Boxing men made in 3D graphics

山中選手ほどのボクサーが、この半年間で一気に悪い気流に流されてしまいましたね。
5年9ヶ月も王者に君臨する中、絶対王者時代を崩したのはこのネリ。
去年の8月にTKO負けに屈した山中選手ですが、この試合ではセコンドが止めるのが早すぎるという声が出ました。
更にネリが筋肉増強作用があるジルパテロールに陽性反応を起こし、結果的にはメキシコで流通する汚染された牛肉が原因との主張が認められて王座を保持するという結果にはなりましたが、こんなことで山中選手も引退できるわけないだろという状況になり、10月に現役続行を決めて、今日のこの試合のために恐らくボクサー生命、いやボクサー人生、いや、人生を賭けて準備してきたはずです。

それなのに、前日軽量で山中はリミット53・5キロを200グラム下回る体重でしっかりと準備して極限まで高めている中で、ネリがまさかの2キロ以上のオーバーで王座剥奪。
涙を浮かべて怒る山中選手でしたが、非情にも試合は勝てば山中が王者、引き分けや負けだとベルトは空位というものになりました。

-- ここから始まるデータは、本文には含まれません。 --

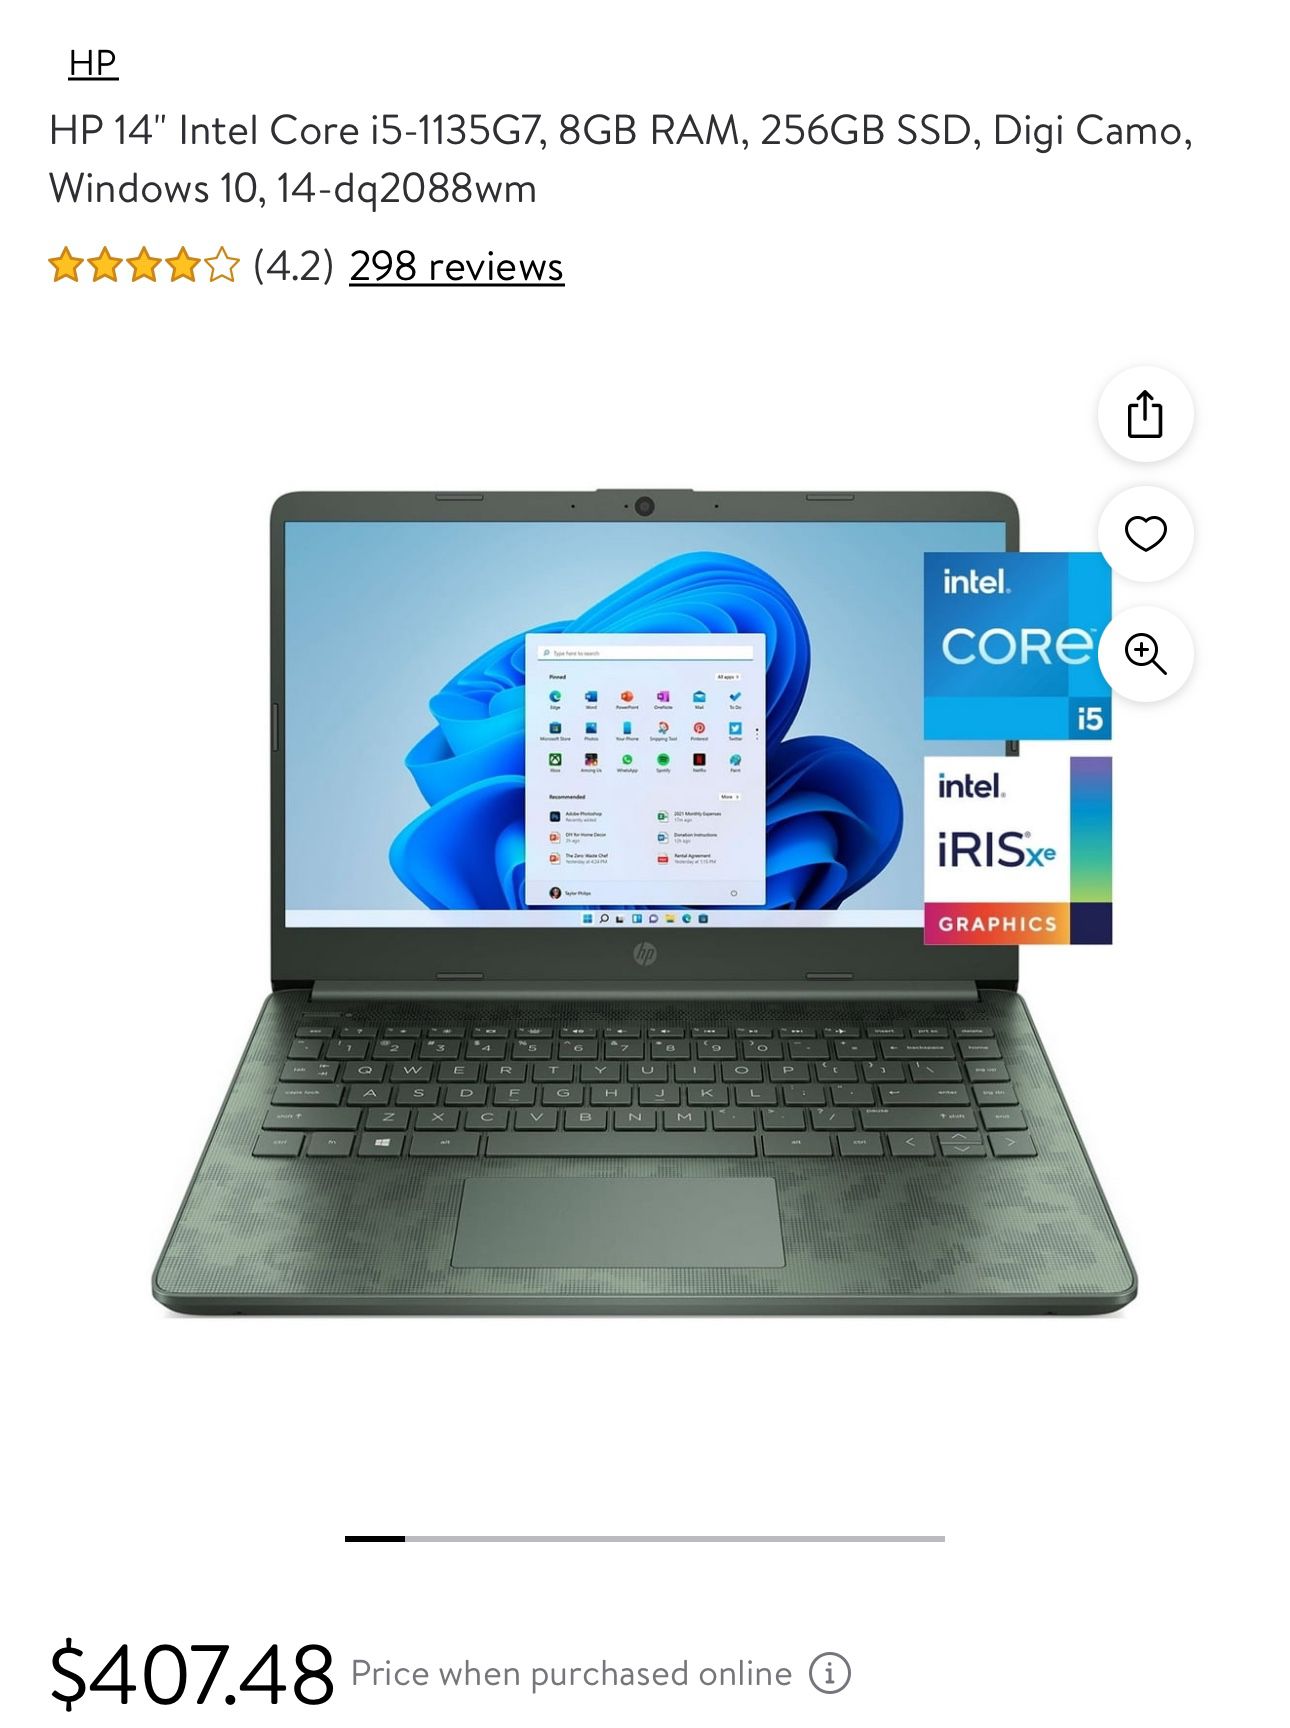 HP 14” i5 Laptop

更にネリは協議において試合当日の午後0時に58キロのリミットで当日計量が課せられて、これが試合の条件であったが、58キロってどういうこと?なのです。

山中選手が計量後に体重を戻せると言ってもそれは水分なども多いですし、減量中は筋肉量も減少するわけです。
一方のネリはそもそも減量が全然できてないわけですから筋肉量などが落ちていない中で更に体重を増やせるわけですからもう別階級みたいなものなのでは?

そしてもう1つ重要なことは、そもそもネリは強いということ。
これが噛ませ犬みたいな相手ならいいですが、この選手は実際問題強いですし、対等の条件でも山中より強いと僕は思っていました。
それでこの状況です・・・でも山中選手には勝利していただいてこの8月から続くモヤモヤを吹き飛ばしてほしいと願いました。

しかし・・・1ラウンド中盤で思う。
「いや、もうパンチ力が違いすぎる」

案の定ダウンを取られ、2Rも3回ダウンして敗北。
ずっとボクシングで人に感動を与えていた元王者は、元気満々の相手と戦い、合計たった4分少々の何のメリットもない試合に負けて終了。
試合後「もちろんこれが最後です。これで終わりです」と引退表明、、、あまりに可哀想ですよ。

あと、比嘉選手が挑戦したファン・エルナンデスも軽量失敗で王座剥奪されていましたし、思い出すとクイリンとかベルトランとか他にもここ数年めっちゃくちゃ増えてるでしょう。

総合の世界でも昨年神取忍と戦う予定のギャビが12.7キロオーバー(これは笑ってしまった)とかありましたが、単純に減量失敗しても大きな厳罰があるわけでもなく、ボクシング団体が乱立しているから1回下手来いてもすぐに再起して王座が狙えるような状況が悪いわけでしょう。

今日だって、ネリは強いわ。って感想が多いでしょう。色々とモヤモヤするけど結局のところ減量をちゃんとしてたらどうなったか?なんてアナザーワールドは見れないわけですから、王座剥奪されても勝った者が勝者となるわけですからね。

本当に心の底から山中選手が気の毒ですし「お疲れ様でした!」なんて思えないよこれでは。